Computing exponentials and Trig functions
fredrik.johansson at gmail.com
Thu Dec 6 18:00:38 CET 2007
On Dec 6, 2007 5:28 PM, <mr.janus at mac.com> wrote:
> I'm trying to write a program in C using GMP as matlab is unable to handle the precision i need for solving my coupled equations accurately. However, one of the many problems i'm having is how to speed up the calculation of trig functions.
> I often have to solve complex exponentials but the way i have coded it is painfully slow. I split the exponential into the real and imaginary parts and solve separately. I then solve using sin, cos, sinh, and cosh identities.
> However the slowdown problem arises from my calculation of the trigonometric functions, which i do by Taylor expansion. Obviously, as I push the precision the Taylor expansion takes longer and longer to converge to the required precision. How does everyone else do this?
> Many thanks
There are tricks for accelerating the convergence of Taylor series of
elementary functions.
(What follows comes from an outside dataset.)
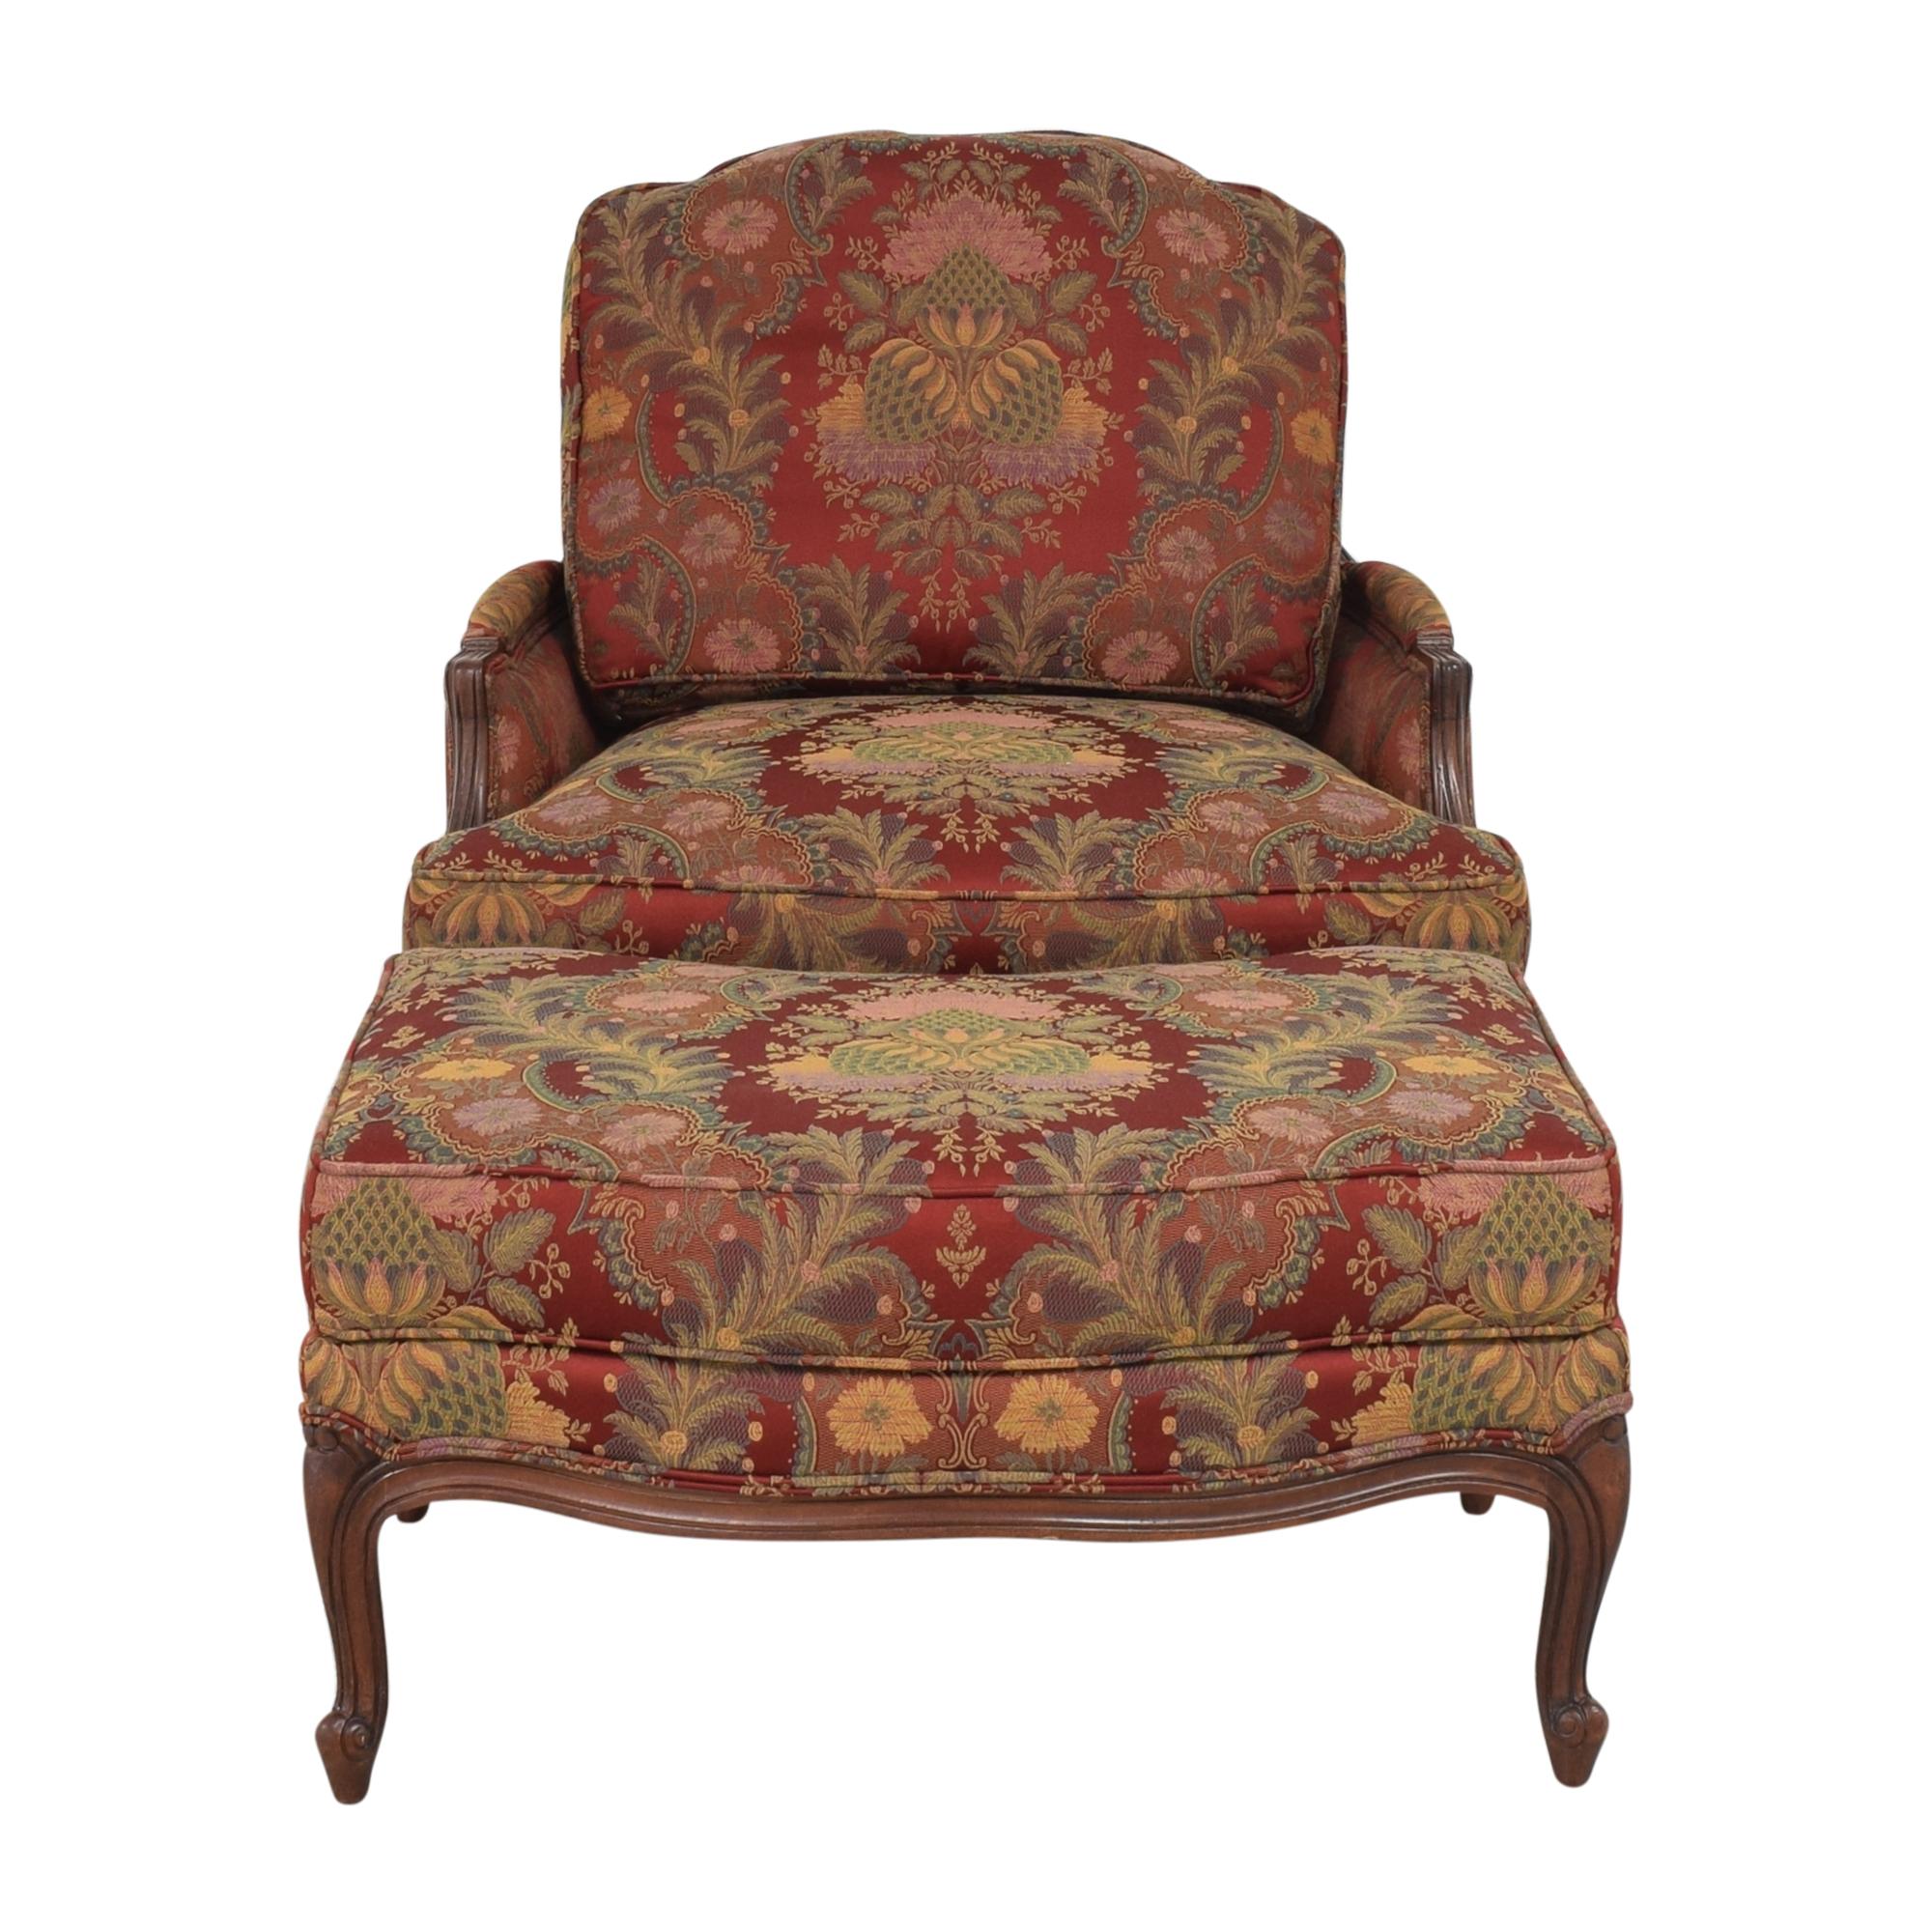 buy Ethan Allen Versailles Chair with Ottoman Ethan Allen Chairs

To begin with, if you want to calculate sin or
cos of a big number you should first reduce the argument modulo pi/2.
However, instead of going through the hard work of implementing the
functions yourself, you could just use MPFR (http://www.mpfr.org/).
Alternatively, if the precision you need is not too high, it might be
faster to use Chebyshev approximations than Taylor series.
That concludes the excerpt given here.